La Montanari in sostanza racconta la tridimensionalità della figura femminile e la complessità della gestione degli eventuali Io di riferimento. La Figlia, la Donna e la Madre, spesso sono in totale antitesi tra loro, e quel che è peggio, trasmettono, persino più della figura maschile (e per ovvie ragioni), questo senso di fatica ed estraniamento proprio alla prole, la quale, irresponsabile, reagisce di conseguenza, con quello che ha in mano, e anche rispetto a ciò che ha intorno.
Il tracciato è meno elegante e coinvolgente del primo racconto, ma siamo comunque ancora di fronte a un testo ben svolto, senza particolari sbavature o incoerenze discorsive e/o narrative.
Francesco, non va bene niente nella mia vita, non mi è andato bene il matrimonio, non va bene la salute, non mi vai bene neanche tu. Scusami, volevo dire che non mi va bene il modo in cui ti amo, che non riesce a farci avere un rapporto sereno. Le tue manie di diventare un giustiziere della notte, di rivoluzionare il sistema politico, di mettere a soqquadro sanità e scuola, non riesco a prenderle come necessità di sentirti adulto. Lo sai, ormai, un po’ per vizio, prendo tutto come un affronto.
Ti devo parlare Francesco, ti devo raccontare perché mi sono ammalata. Perché a un certo punto non ho retto. Perché non riusciamo più ad avere un dialogo. Perché ci siamo perduti. Perché non sono più sposata con tuo padre. Perché non ti ho mai raccontato di tuo nonno.
Ne La sensitiva, terzo racconto della serie, siamo alle prese con Elisa Morini, un’arringa in tribunale, il post-it giallo con cui viene lasciata dal fidanzato (vedi Sex and the City), un golden retriever che si aggira tra i cristalli di casa, una maga di nome Gina.
Un racconto dalle sfumature ironiche sulla ricerca dell’amore a tutti i costi e la mancata conoscenza di sé. Elisa, infatti, è il perfetto prototipo della donna innamorata dell’amore, tant’è che ricorre ai tarocchi della Maga per sapere se il suo ex lui tornerà mai sui propri passi o se qualcun altro ha già preso per quella strada. I tratti distintivi di questo brano sono i dialoghi e le meravigliose descrizioni di Roma, la Roma vera, quella di Piazza Navona quando ci sono i mimi, e dei mangiatori di fuoco. La Maga in realtà non fa che spiegare, attraverso il ricorso ai Tarocchi, cosa realmente manca nella vita di Elisa e cosa lei stessa deve fare per la Elisa che si dichiara aperta all’amore ma corre solo dietro a chi non la vuole.

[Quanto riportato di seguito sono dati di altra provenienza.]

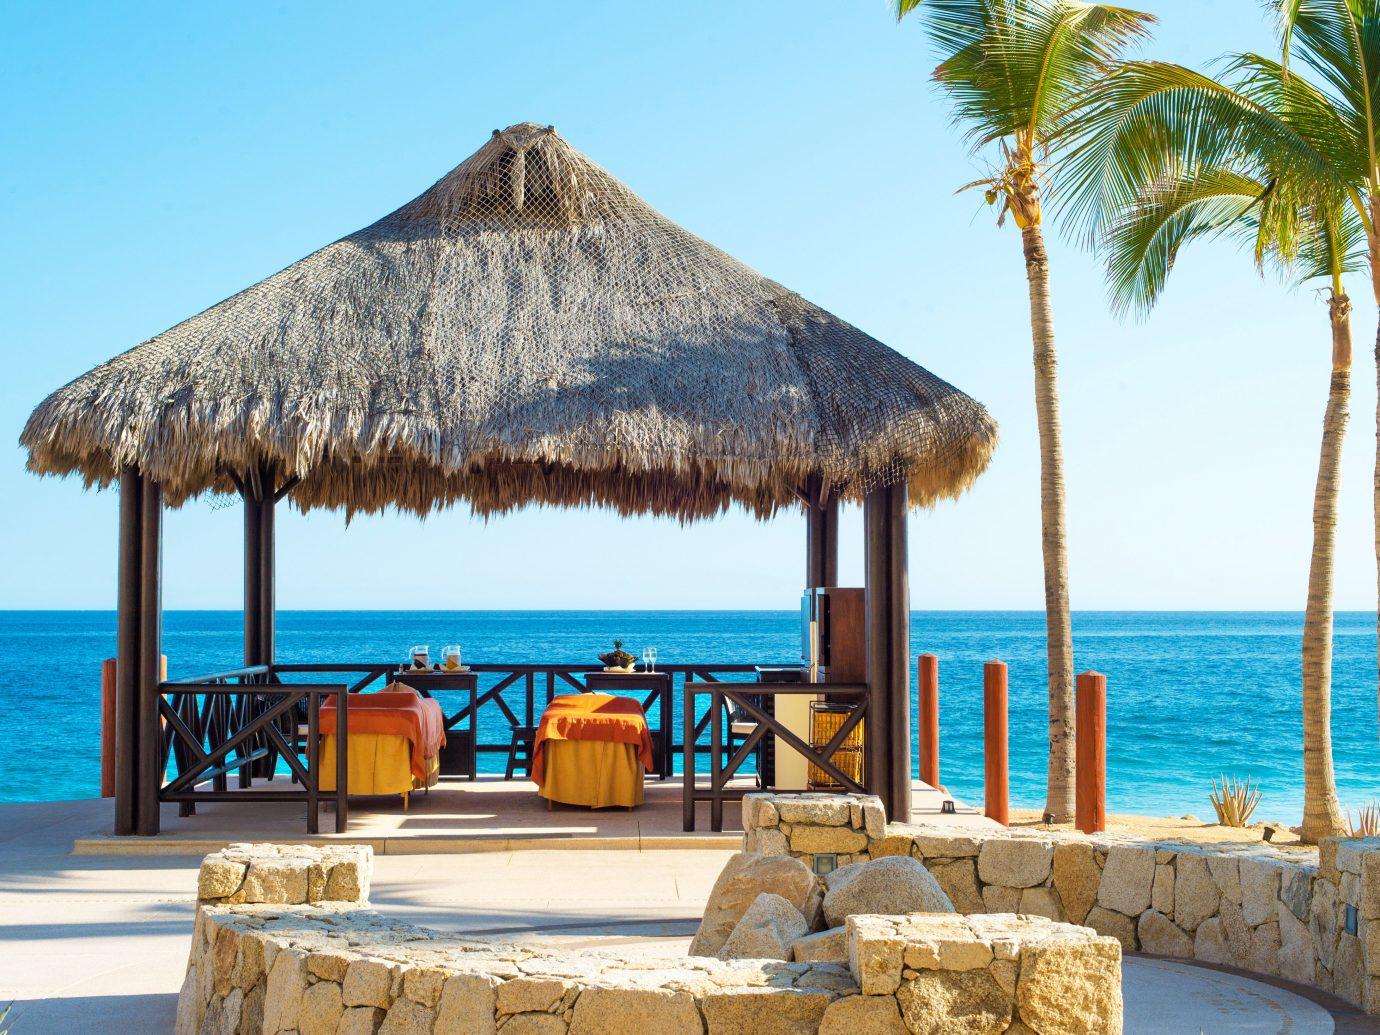 Overwater spa at Secrets Puerto Los Cabos Golf & Spa Resort

Anche qui l’Autrice pone l’accento su un’età in particolare e su un difetto, e lo fa con innocenza, senza false retoriche e patetismi di alcun tipo.
Chiude la raccolta il racconto meglio riuscito: La lucciola.
In quest’ultima novella l’Autrice raccoglie il racconto di una bambina ormai donna e dei suoi ricordi della Casina sull’Appennino Tosco-Emiliano, in cui, nel tempo si sono succedute generazioni di amici, parenti e famigliari; sono nati e finiti amori, i figli sono divenuti genitori e i genitori nonni e di anno in anno si è rinnovato il rito delle vacanze e la scoperta dei monti. Molto ricche appaiono le descrizioni dei luoghi, dall’ambiente casalingo a quello naturale, e il dettato risulta musicale, armonico, piacevole da leggere e da ascoltare. Per quanto dunque i racconti siano piuttosto succinti, nell’insieme, tanto a livello tematico che stilistico, Donne senza fede è a mio avviso un lavoro ben riuscito.
Esistono uomini di fede, che la fede la portano al dito ma non ne hanno.
Altri che la portano appesa alla catenina, poggiata rozzamente sul petto, sotto la camicia aperta.
Altri ancora che hanno la fede ma non pregano.
pregano ma non hanno anelli al dito.
uomini che se la tolgono quando escono di casa.
che la sfoggiano perché suscita interesse.
Uomini che non la indossano ma che amano soltanto una volta nella loro vita.
E uomini che non si sposano, che non pregano, ma che hanno una fede infinita.